1. Re: Andy and Pete, about :=

Hello...

	Indeed, Pete's solution does the job (thanks a lot for the fast,
efficient answer!). It means that the ordinary while loop has to be
transformed into a "do" loop; why not, it is not too confusing. It
departs from the original programmer's standpoint, and, IMO, a language
is all the better when it avoids this structure translation process.

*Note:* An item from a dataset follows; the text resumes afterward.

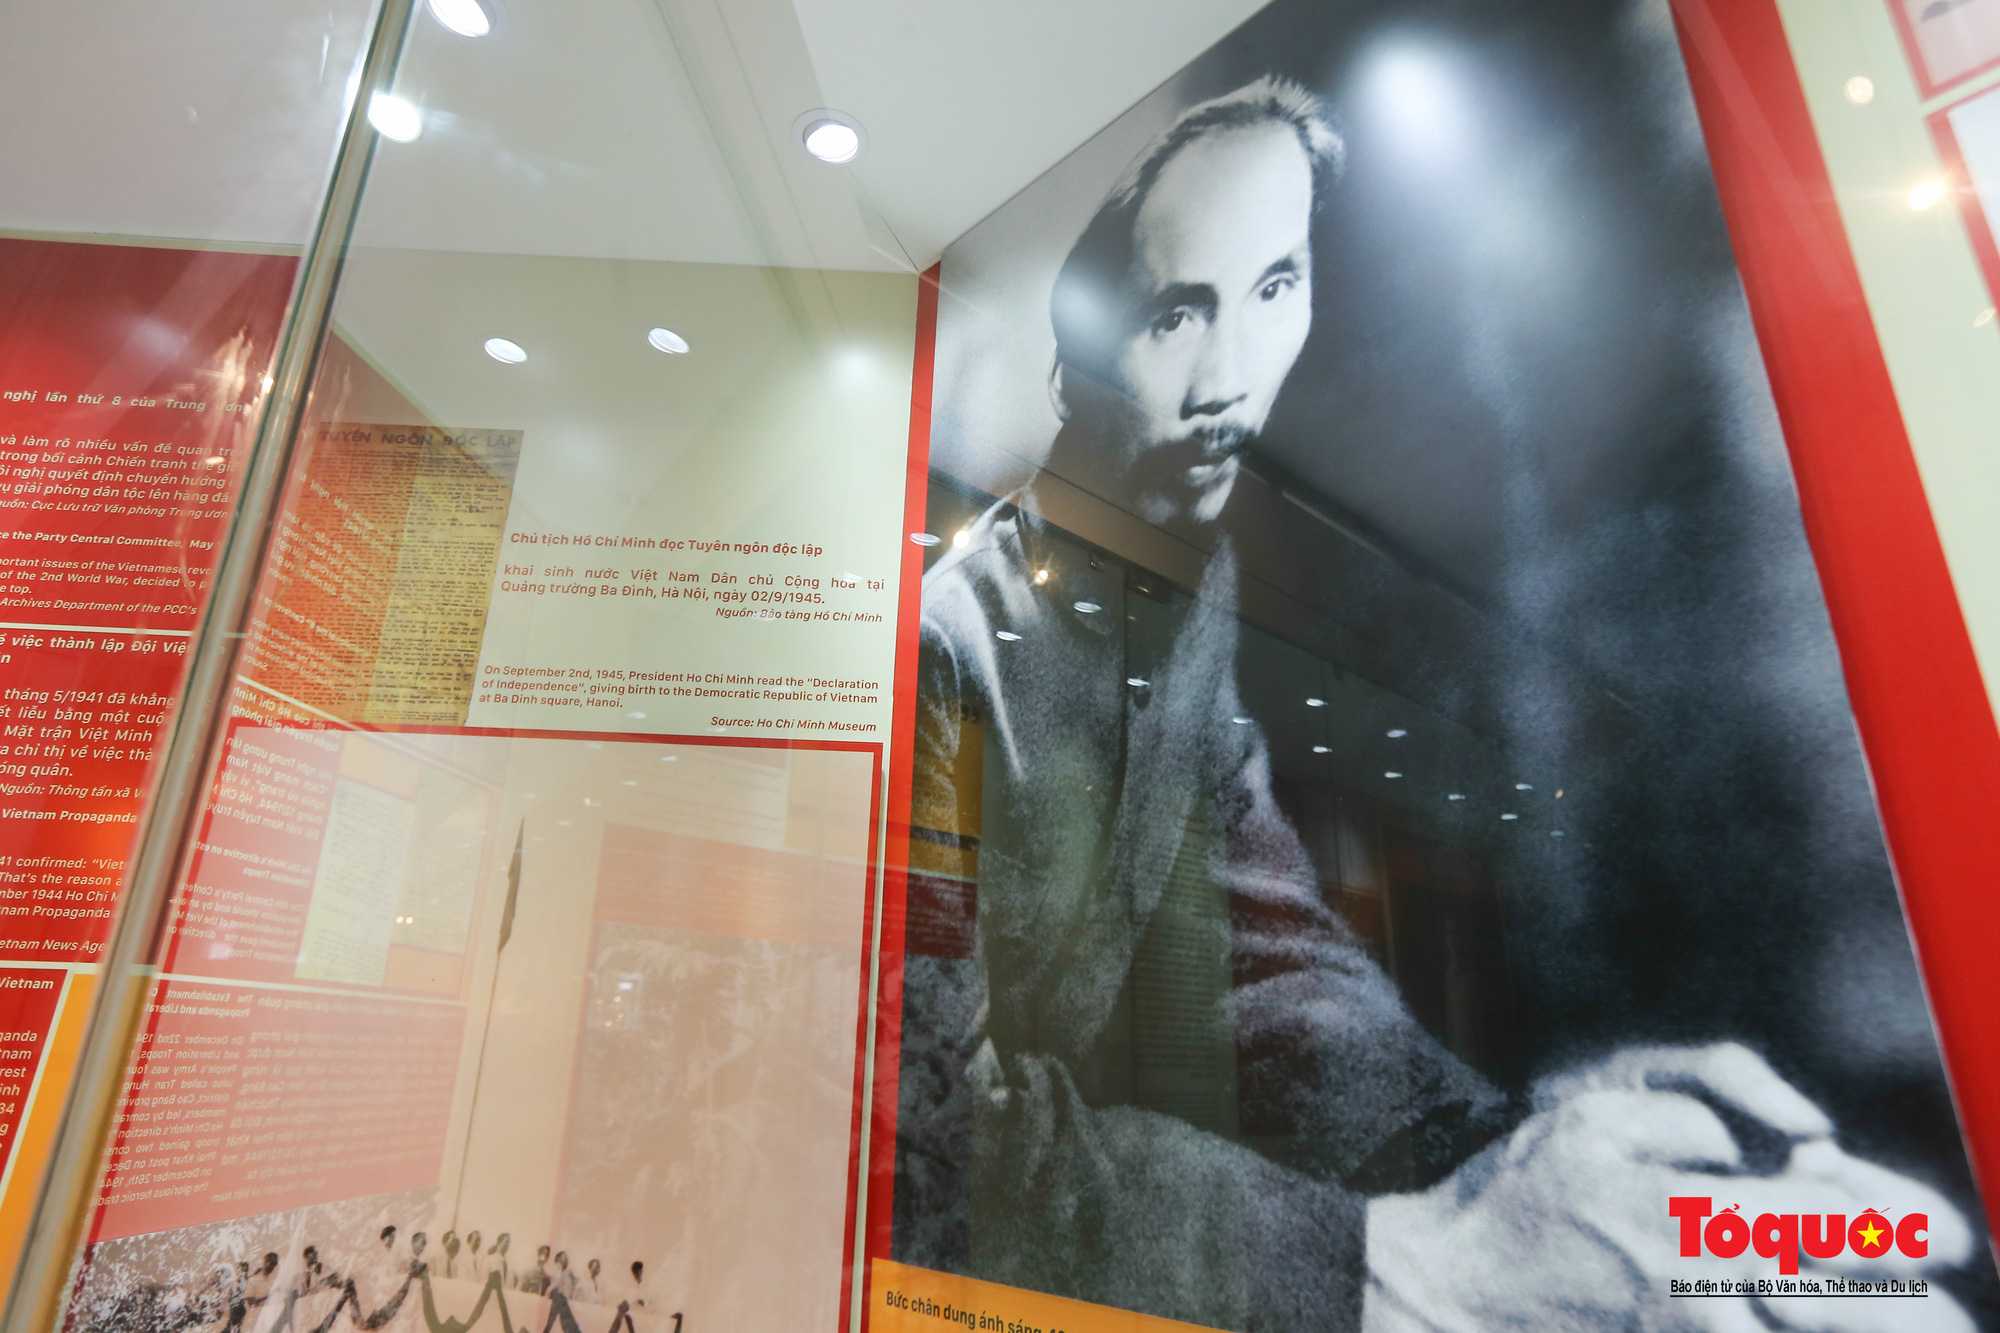 Khai mạc trưng bày chuyên đề: Hồ Chí Minh - Những nét phác họa chân dung; Những tấm gương bình dị mà cao quý  - Ảnh 19.

	The problem of bugs related to same-looking, same-context symbols (like
"=" and "==" in C) could be avoided with a good syntax highlighting
program editor. ed's handling of delimiters and other non-identifiers
could be critical here.
	Also, if the allowable syntax is only 
	<single var, without even an index>:=<anything but a single var without
even an index>, 
the cases where you could forget the extra symbol and still get a legal
statement reduce to situations where it wouldn't be very useful; I'm
wondering if there's any.
	If a function has intentional side effects, so be it, and the
programmer must realize it is executed each time it appears in code,
whether to explicitly use the result or not. The issue here is not the
construct, IMO, but the edge effects in functions, which often generate
hard to find bugs.
	Since ':' is not a legal character in identifiers, and a namespace must
be followed by an identifier, inside which '=' is not legal either,...
where would be the trouble incorporating this in existing code?

	Regards

	CChris

---Original message
> Date: Mon, 16 Sep 2002 19:44:47 +0000
> From: Andy Serpa <renegade at earthling.net>
> Subject: RE: Technical question, somehow related to Inner loop compiler
> 
> Christian.CUVIER at agriculture.gouv.fr wrote:
> >       Hi, all EUpeople! Back on the air again after a while off...
> >
> >       Assume I have the following code in a program:
> >
> > while f(args1)!=g(args2) do
> > ....
> > end while
> >
> >       f and g may be slow to compute, and the loop may use these values. So,
> > an obvious way to code would be:
> >
> > while f(args1)!=g(args2) do
> > x=f(args1)
> > y=g(args2)
> > ....
> > end while
> >
> >       But it means computing again those functions.
> >
> >       My question: Does the interpreter optimize for this, so that x and y
> > are assigned the values that are somewhere in a temporary variable,
> > instead of recomputing? If this is not so, it may sound as a good idea
> > to add this feature, doesn't it?
> 
> Actually, that wouldn't be appropriate in the case of a function,
> because a function may have (intentional) global side-effects
> (incrementing a global variable, for instance).
> 
> Combining an assignment with a comparison would be handy in certain
> cases (like a while loop), but would mean adding ":=" or "==" operators
> which would be hard to incorporate into existing code.  One fact not
> pointed out all that much is that the existing implementation avoids a
> lot of easy-to-make bugs.  (It is very easy to forget that extra "=" in
> the "==" operator in languages that allow it, and since both are
> generally legal in the same spots, they are hard bugs to find.)